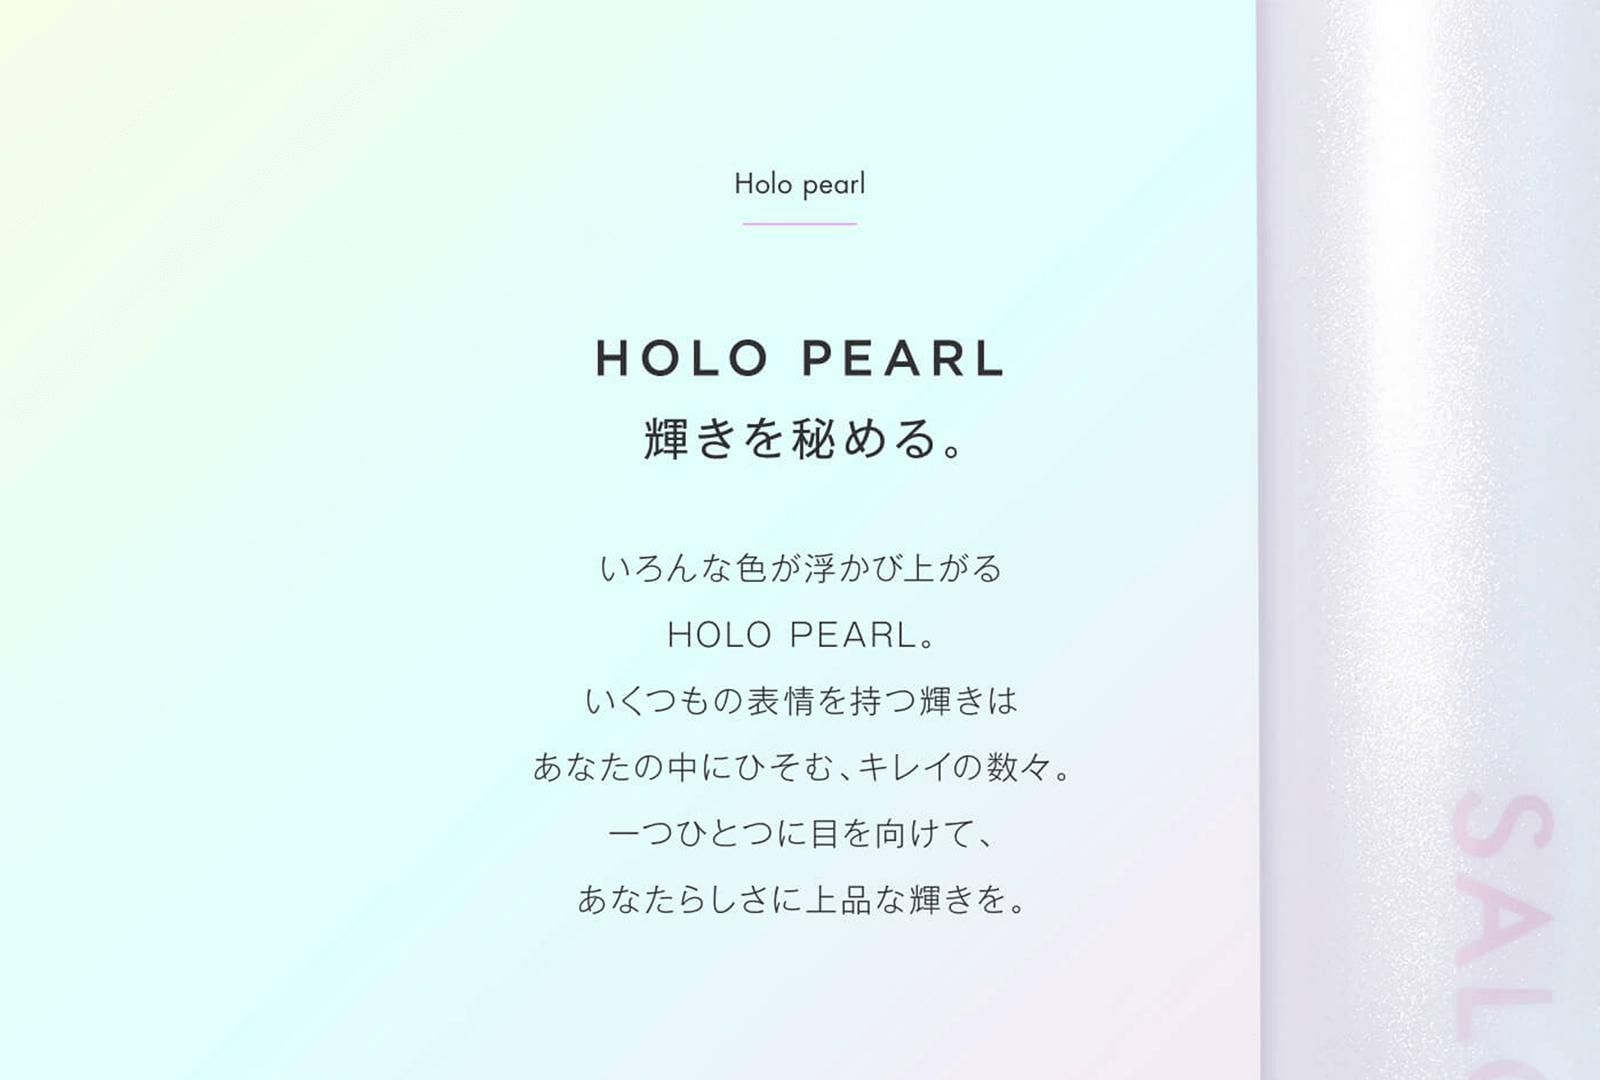 I-ne「SALONIA ヘアアイロン HOLO PEARL」ランディングページ
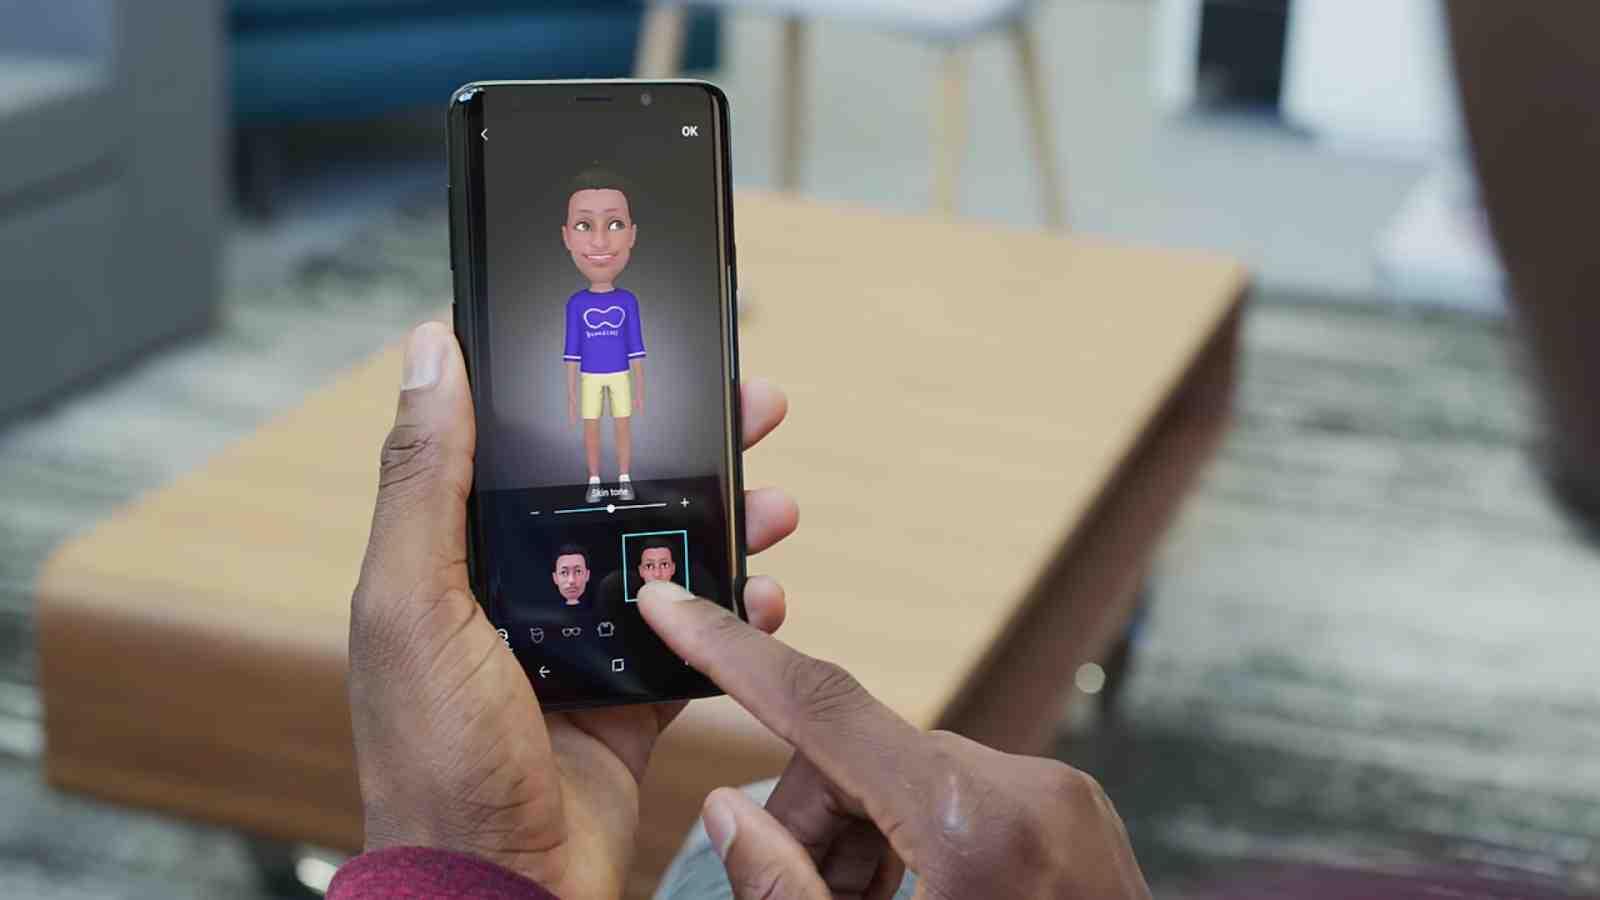 Samsung's AR Emoji
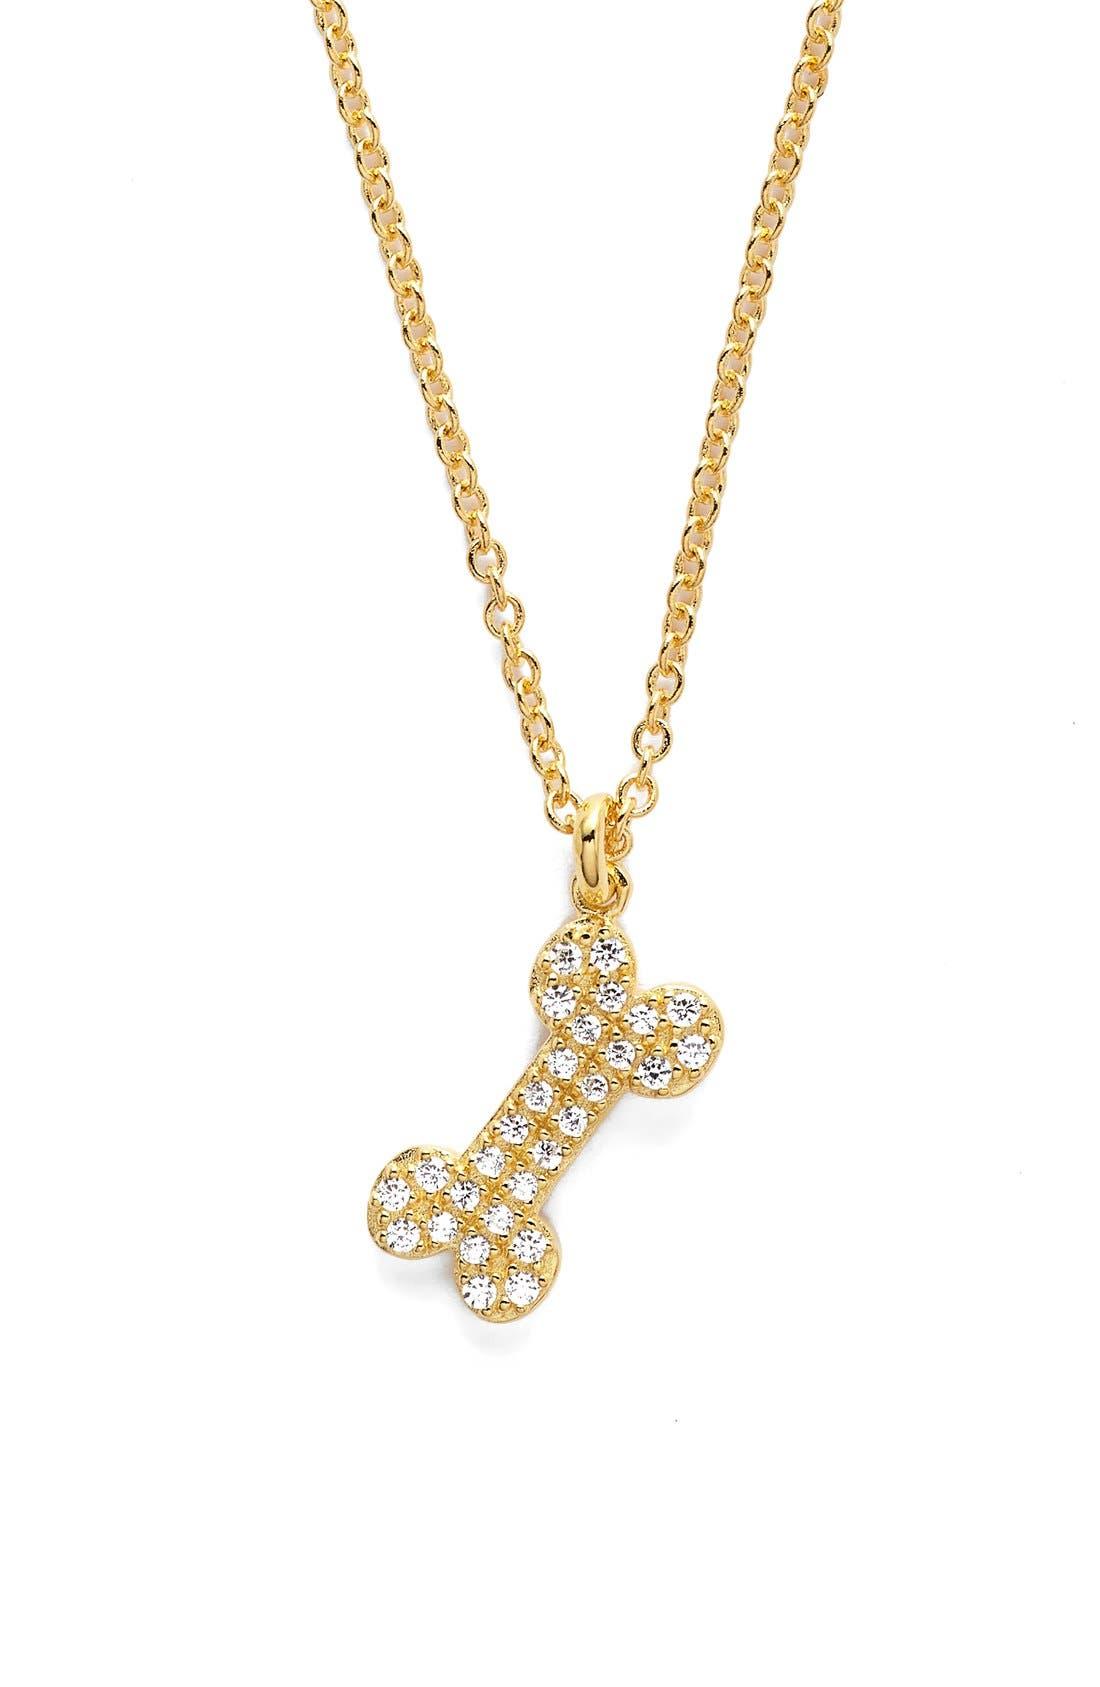 Alternate Image 1 Selected - Sugar Bean Jewelry Pavé Dog Bone Pendant Necklace
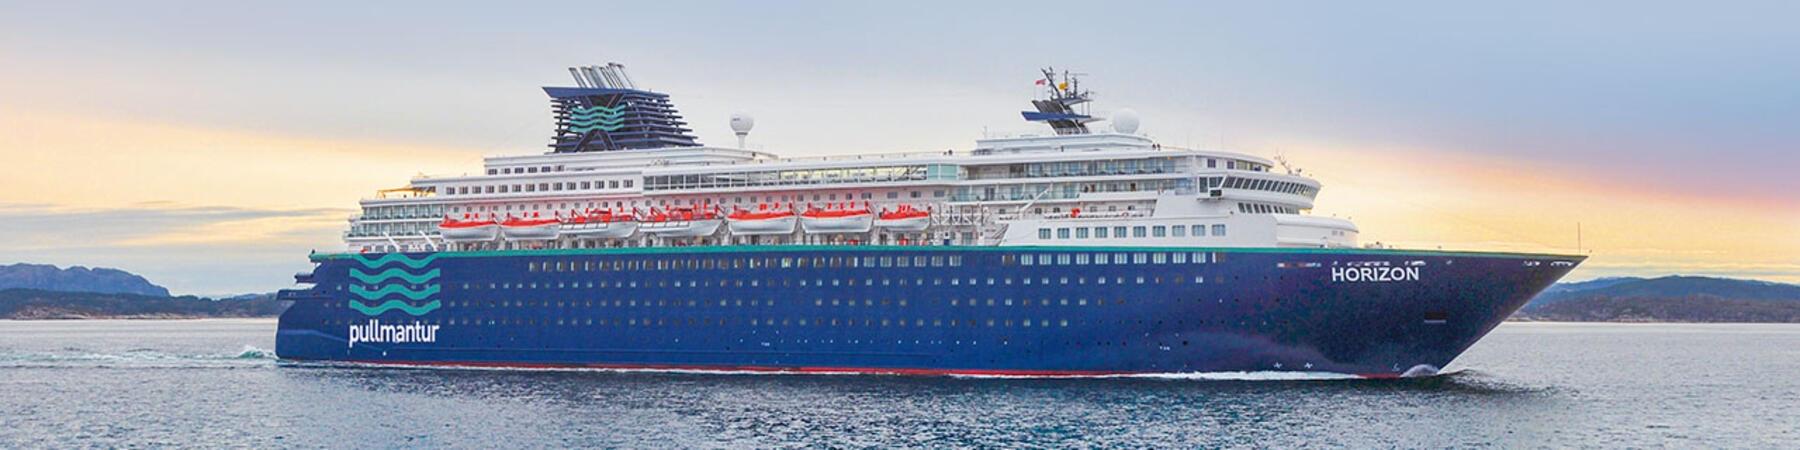 Pullmantur Horizon Cruise - Ship Review - Photos & Departure Ports on  Cruise Critic

_What you have to do_.
Please transcribe the lines from the one containing "Alternate Image 1" to the last line of the listing, both included, exactly and with nothing added, leaving every picture out.

_Response for this exercise_.
 Alternate Image 1 Selected - Sugar Bean Jewelry Pavé Dog Bone Pendant Necklace
 Pullmantur Horizon Cruise - Ship Review - Photos & Departure Ports on  Cruise Critic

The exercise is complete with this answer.